Consistent performance

Our Physon (in Bulgarian only) HPC cluster was originally composed of four dual Xeon MoBos with QDR (20 Gbps) InfiniBand links as interconnection fabric for MPI message passing. Armed with eight quad-core Xeon E5335 (2,0 GHz, 2x4 MB L2 cache) the system peaked at Rmax equal to 209,0 GFLOPS for Nmax of 74880 on the HPL test. Since the theoretical top performance is Rpeak equal to 256 GFLOPS, our old nodes have parallel efficiency of 0,816.

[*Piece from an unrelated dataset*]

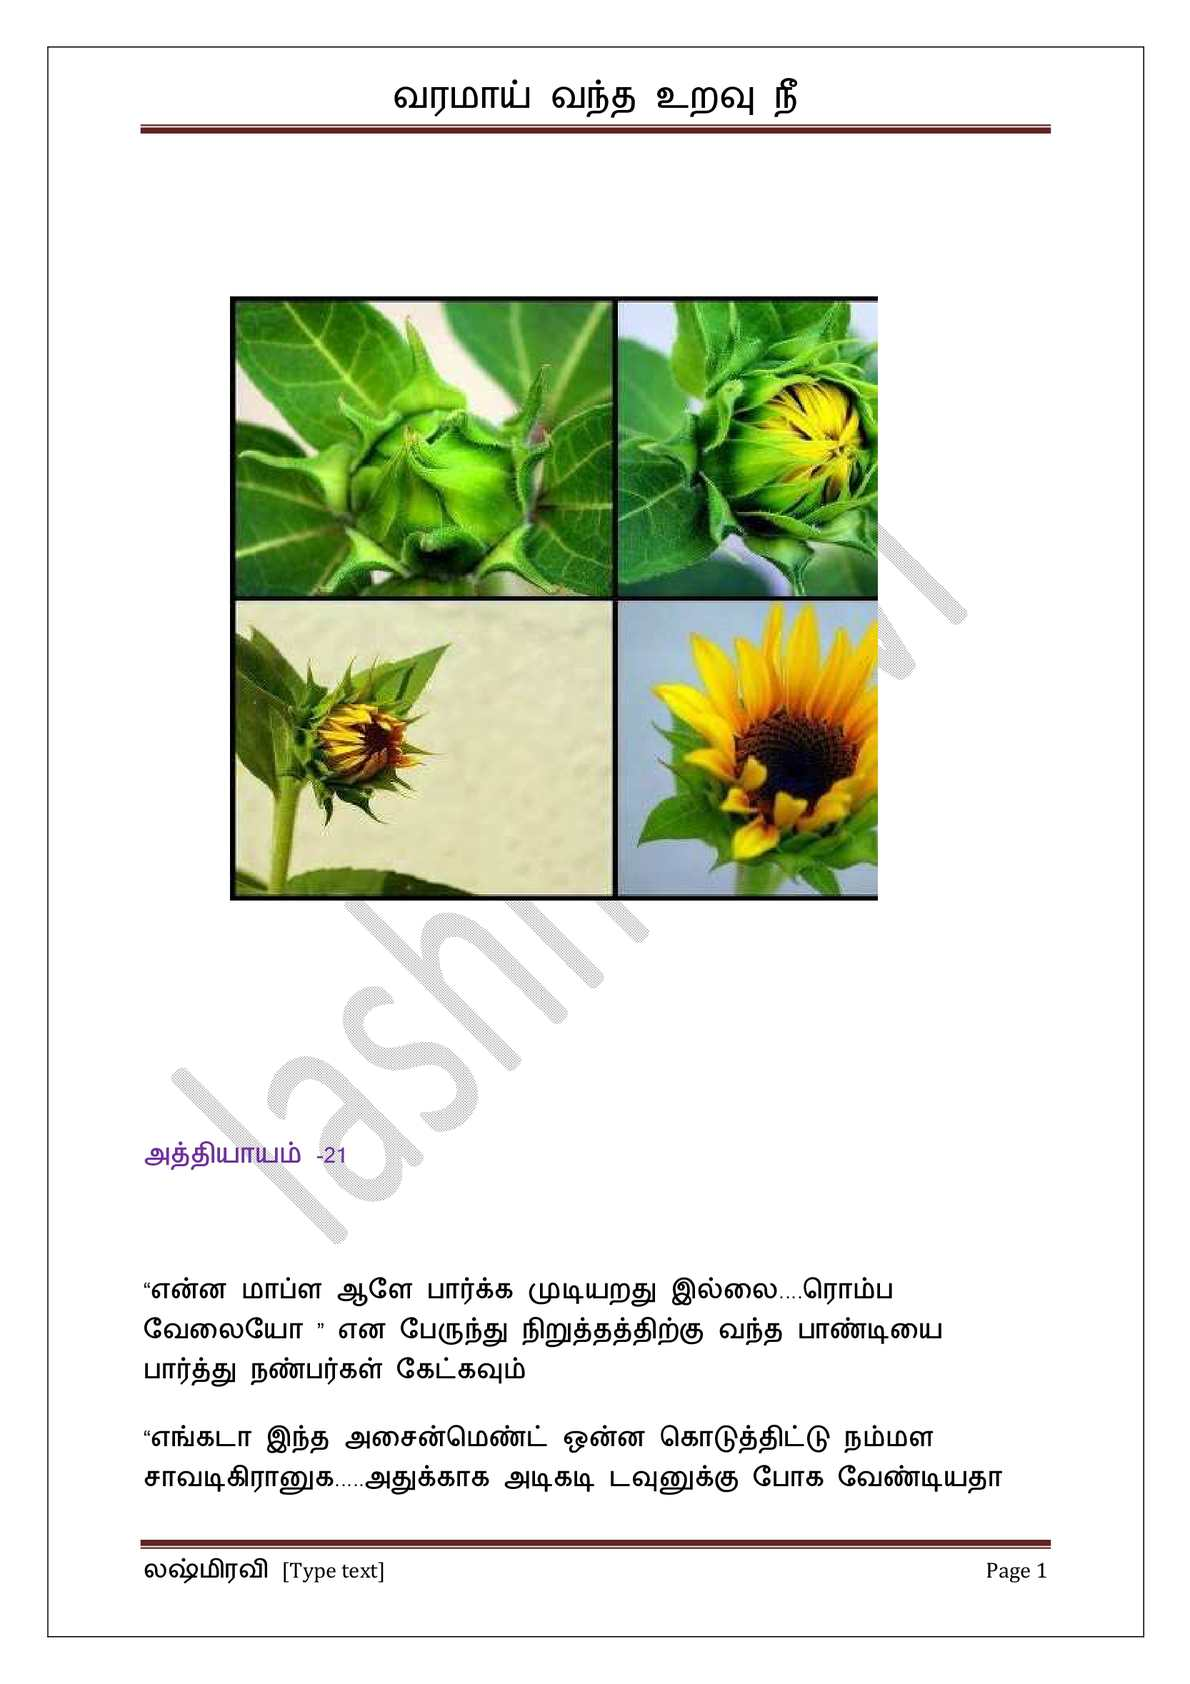 Varamaai Vantha Uravu Nee 21

Now, about an year later, we got a shiny new addition of eight dual MoBos with the newer quad-core Xeon E5420 (2,5 GHz, 2x6 MB L2 cache). Since four nodes were already installed and powered on, I run the HPL test again to see how well the new processors compare to the old ones. The new nodes peaked at Rmax equal to 256,2 GFLOPS for the same matrix size. With a theoretical top performance of Rpeak equal to 320 GFLOPS we still have a good parallel efficiency of 0,801 (or 1,226x the performance for 1,25x the CPU frequency).

It is now obvious why most cluster systems in the Top500 list utilize the (now) relatively cheap InfiniBand as their interconnection fabric instead of the more sophisticated and much more expensive proprietary interconnects.